Not many people had heard about the F-ire Collective until 2004's BBC
Jazz Awards, when some 15 of its members stepped into the spotlight at
London's Hammersmith Palais to receive the award for
innovation. After Barak Schmool had accepted the award on behalf of everyone,
he made a short speech where he emphasised the "collective effort".
It's something he has passionately believed in since New Year's Day 1995,
when the collective held its first meeting in his bedroom.
Schmool says the idea of the collective approach to music-making came
from his own direct experiences around the Loose Tubes generation of British
jazz musicians, centred around Django Bates.
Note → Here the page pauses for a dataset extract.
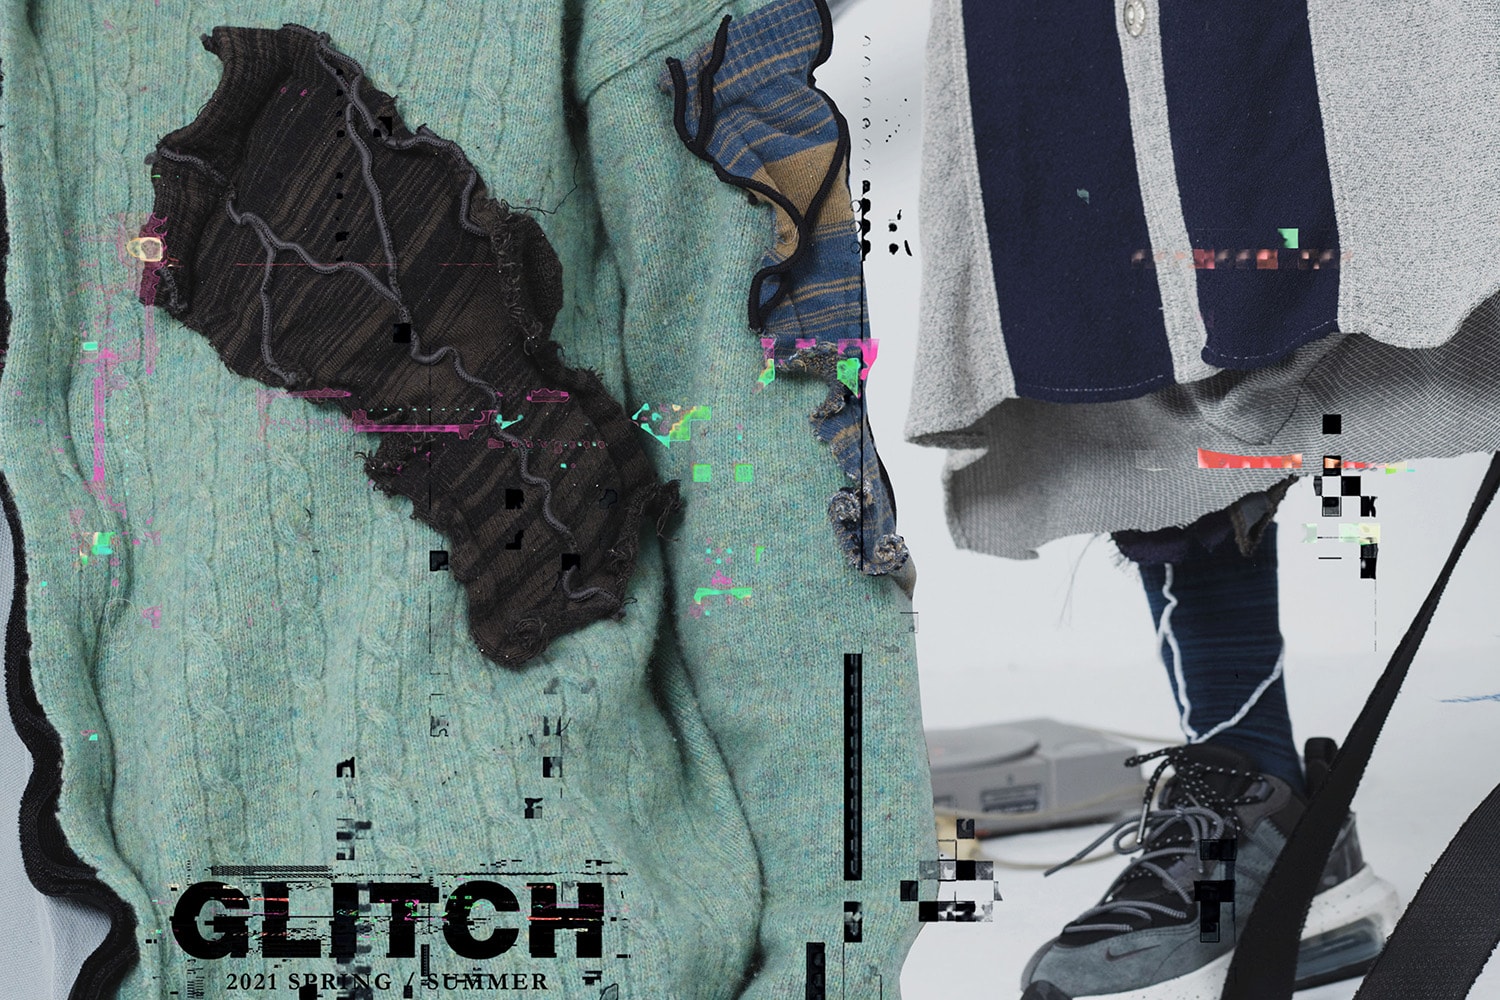 nozzle quiz 最新春夏系列「GLITCH」Overlock Stitch 襪履系列正式登場
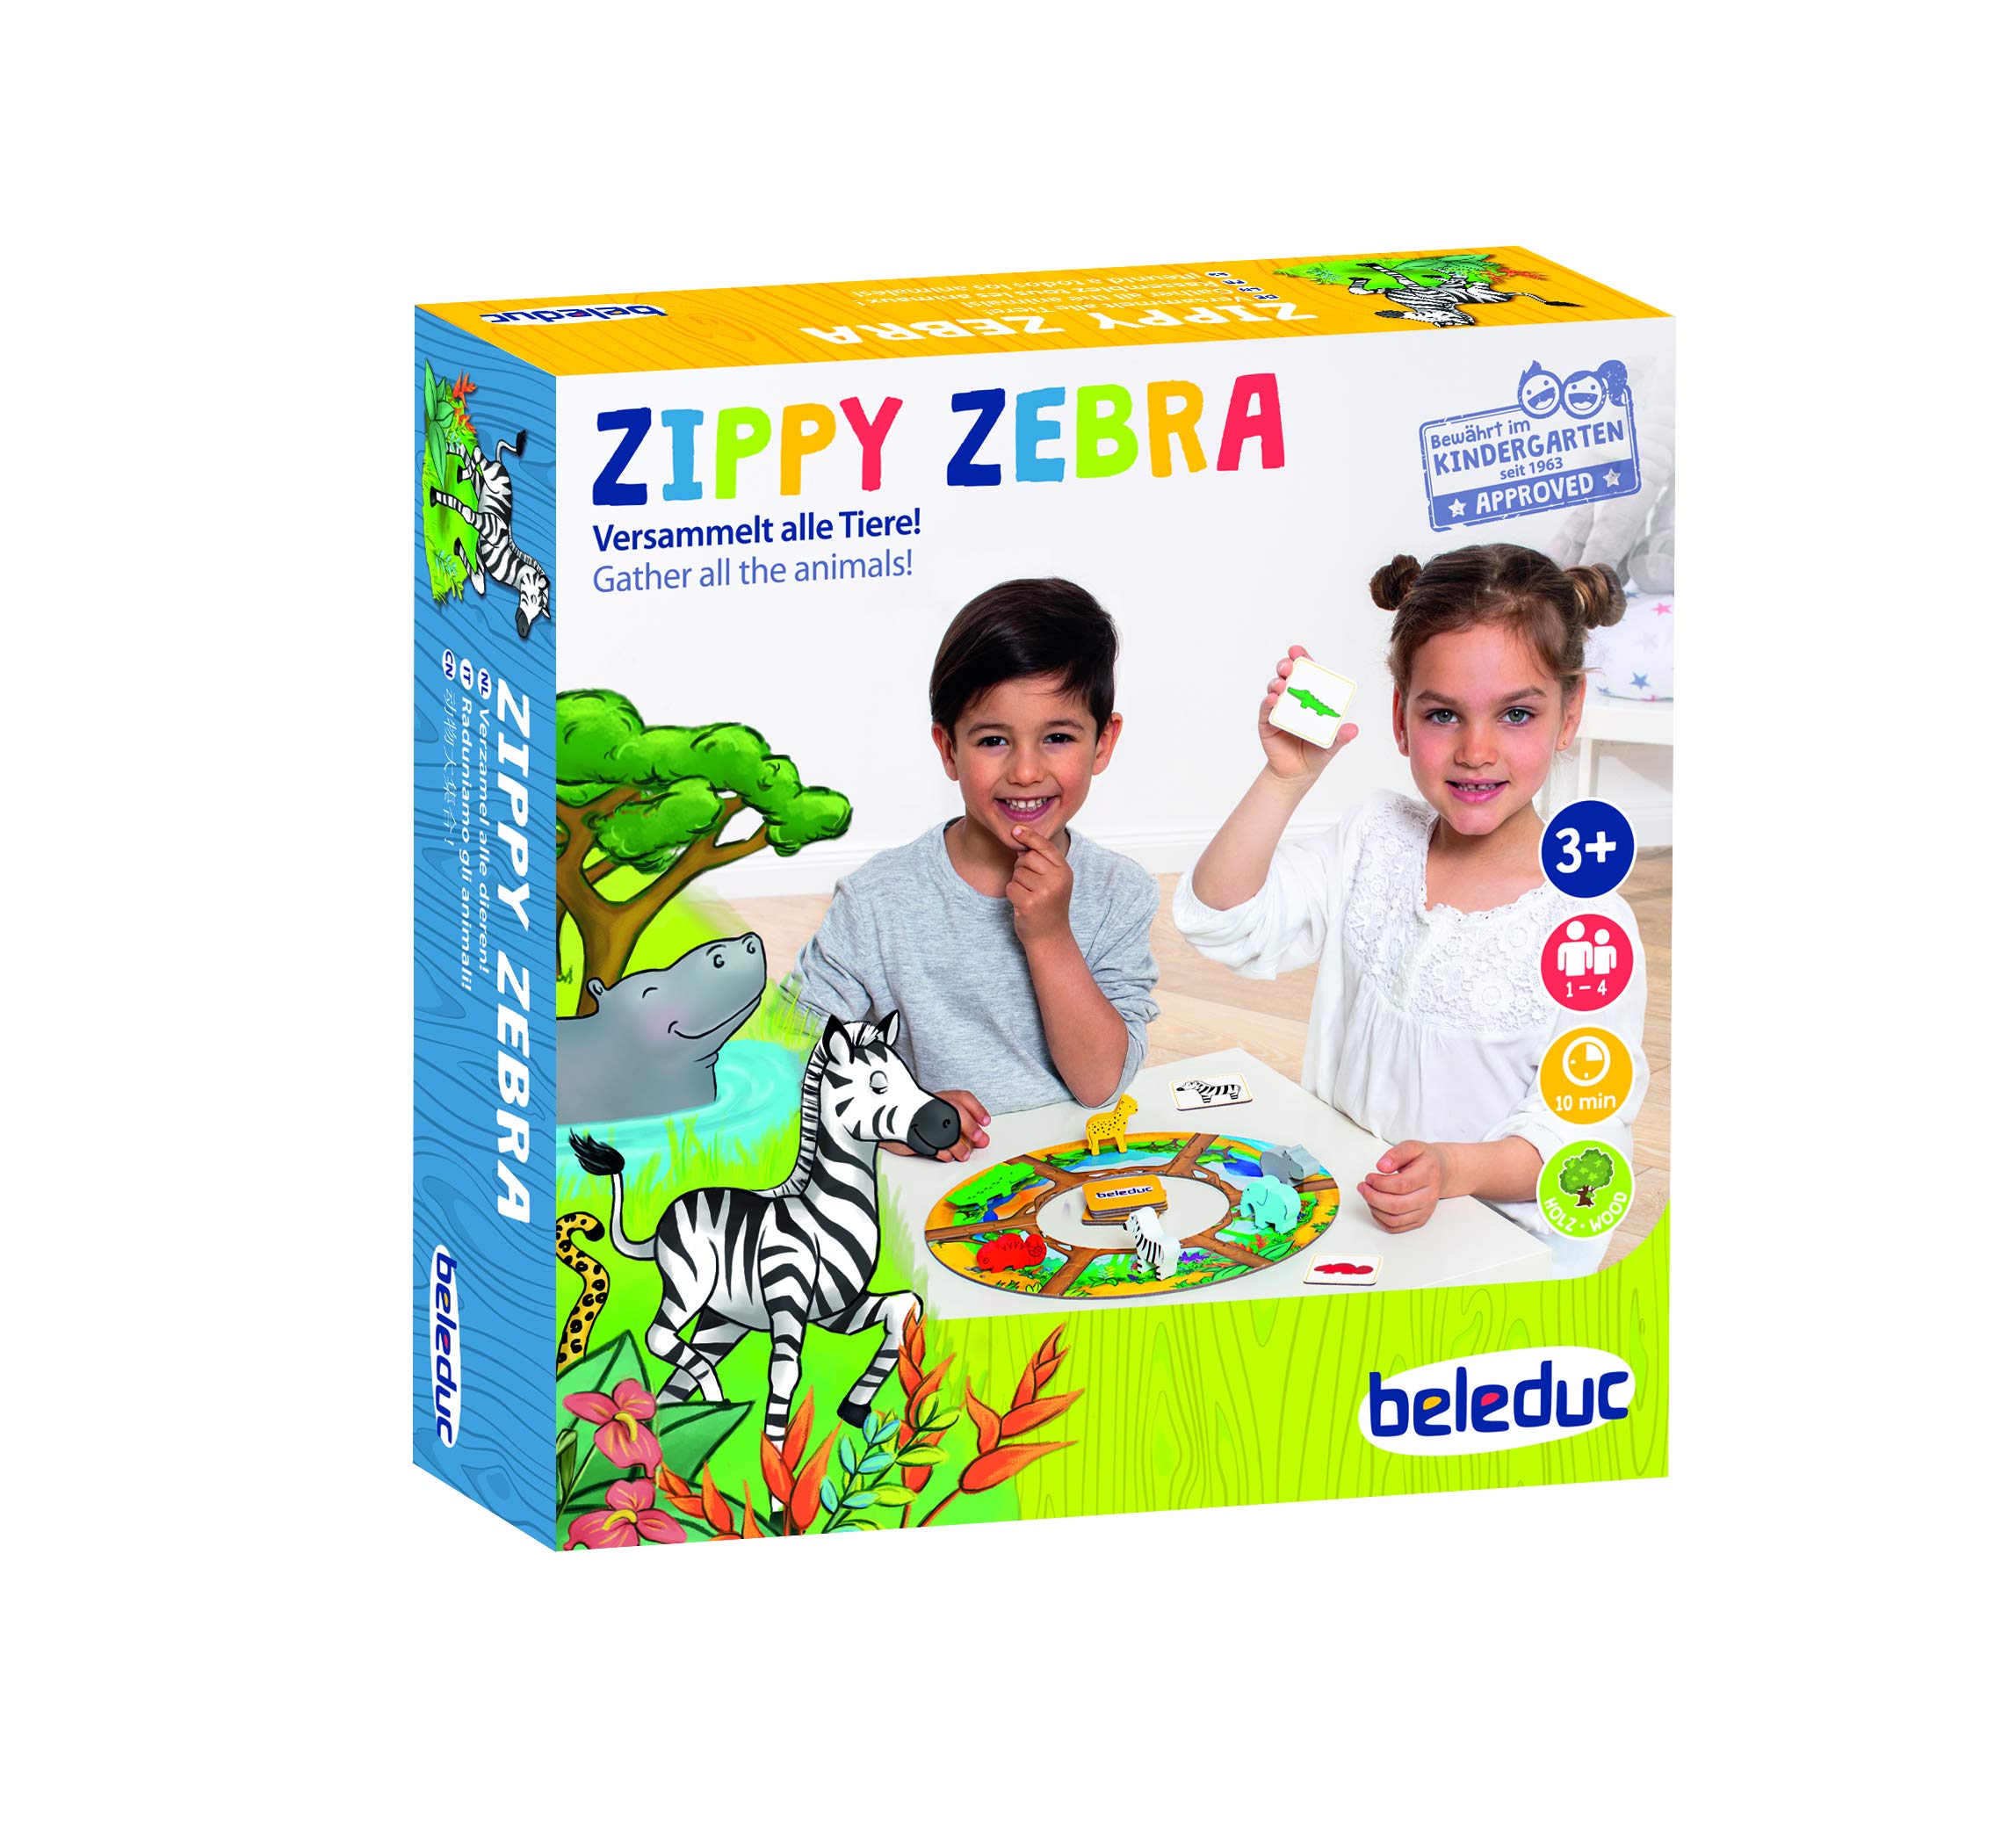 Beleduc - Zippy Zebra - Lernspiel für Zuhause - Bekannt aus dem Kindergarten

He was also inspired by European
collectives such as the scene in Brussels around AKA Moon and Octum and
the recently disbanded Hask in Paris.
However, the F-ire Collective was far from an overnight phenomenon. For
several years it did not even have a name, as pianist and collective member
Robert Mitchell points out: "It was a long time
before the conversations ended up turning into what F-ire has become and
where it wants to go. It wasn't until four years ago a pooling of information
was begun; it lead to the idea of a record label,
workshops, and websites. It seems ridiculous now how quickly things have
happened since then. We only decided to call ourselves F-ire Collective
about the same time!"
For collective member and saxophonist Ingrid Laubrook, this self-help
approach is vital in developing a different approach to writing and performing
music. "I think if you throw a bunch of creative
people together, they don't need massive resources to create because are
all willing to help each other out and rehearse together and try things
out." It's a view echoed by Julia Biel: "You can call upon people
in times of need - 'Do you fancy coming around to see what you can do
on this tune?' Or, 'Do you fancy trying a string arrangement on this?'
Or, 'So-and-so wants you to write a few words for their tune'. So there's
a kind of network like a family. . ."
In just 18 months, the impact of the F-ire Collective on the British jazz
scene has been enormous. "I think it has definitely affected it in
a good way," says Laubrook. "I think it creates a completely
different audience, I really think so - it has changed the scene massively.
The jazz scene, even the younger jazz scene, has been down on itself in
a way, and I think that is something F-ire has
changed. I went to an Acoustic Ladyland gig recently and it was packed
with young people. I don't mind if there's young or old people at a gig,
but it is good that there's a different scene emerging, a new crowd that
joins in, and in that sense it really has changed."